Catch and Release in Marine Recreational Fisheries

Short-Term Hook Release Mortality in Chesapeake Bay’s Recreational Tautog Fishery

J. A. Lucy and M. D. Arendt

doi: https://doi.org/10.47886/9781888569308.ch15

Hook release mortality rates can be affected by various fishing practices including hook wound location, baited hooks versus lures, and fish handling stress, as well as environmental factors, i.e., water temperature and capture depth (Muoneke and Childress 1994). Release mortality is typically greater for fish with swim bladders taken from deeper water (Wilson and Burns 1996). Although hook release mortality rates of fish are variable depending upon the species in question, fishing practices, and fishing season (Muoneke and Childress 1994), fishery management plan (FMP) technical committees must often use discard mortality levels to estimate overall fishing mortality and update stock assessments without the benefit of research data.

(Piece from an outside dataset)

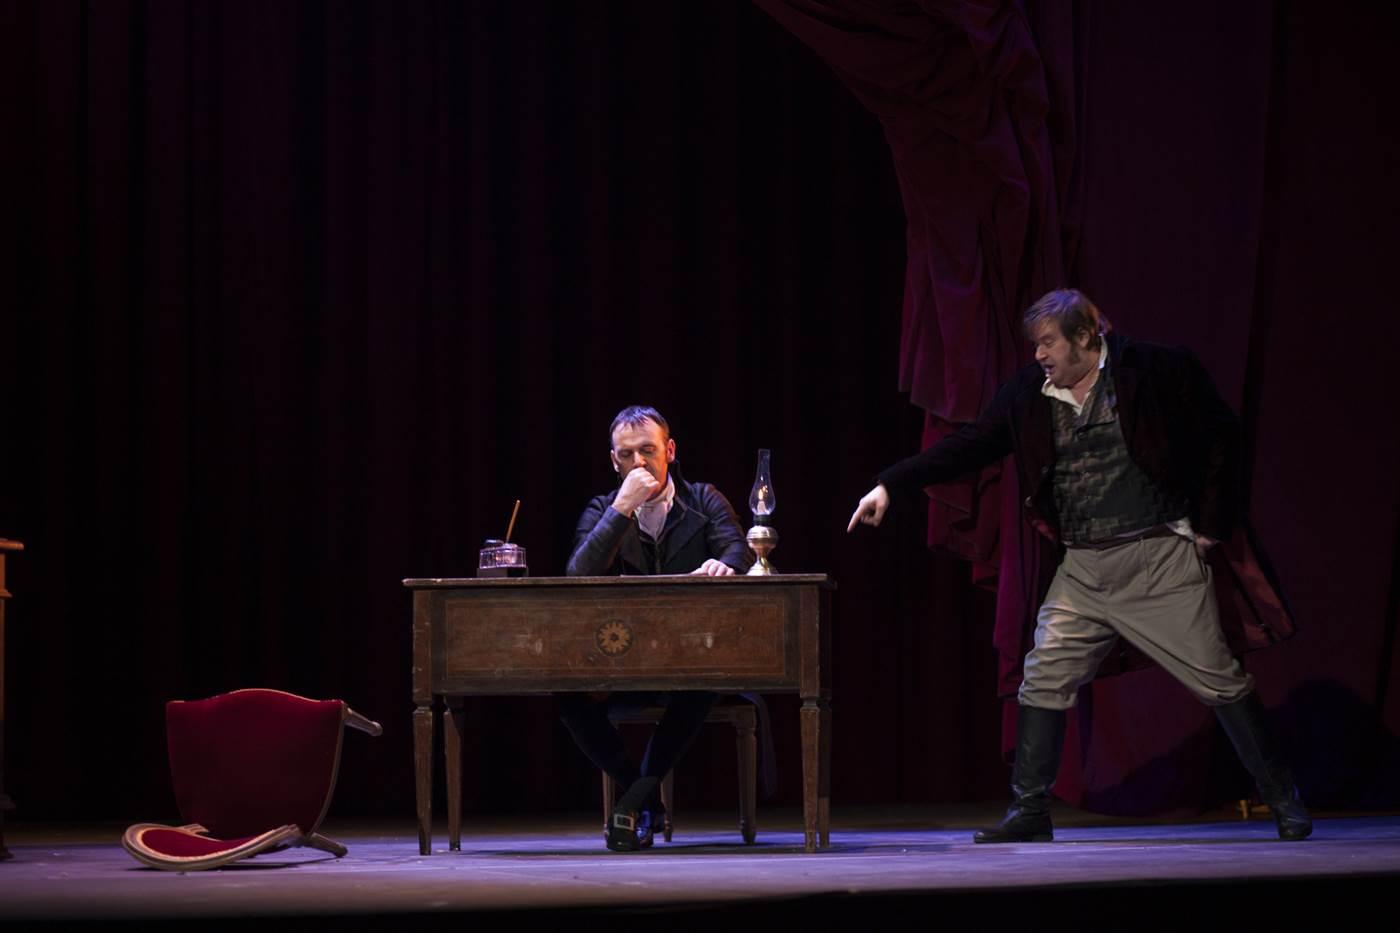 """Arriva a Napoli l'atteso spettacolo di Georg Büchner, la """"Morte di Danton"""" per la regia di Mario Martone. In scena al Teatro Politeama dal 26 aprile al 7 maggio. """"La morte [...]"""

In the mid-1980s, annual tautog Tautoga onitis landings declined throughout northeast and mid-Atlantic states, reaching record lows in 1993–1994. To reduce fishing mortality the Atlantic States Marine Fisheries Commission (ASMFC) developed a FMP for tautog in April 1996 (ASMFC 1996). Among its regulations states had to increase minimum catch sizes to 330 mm (13 inches) total length (TL) in 1997 and to 356 mm (14 in) TL in 1998. The tautog FMP assumed a recreational discard mortality of 25%.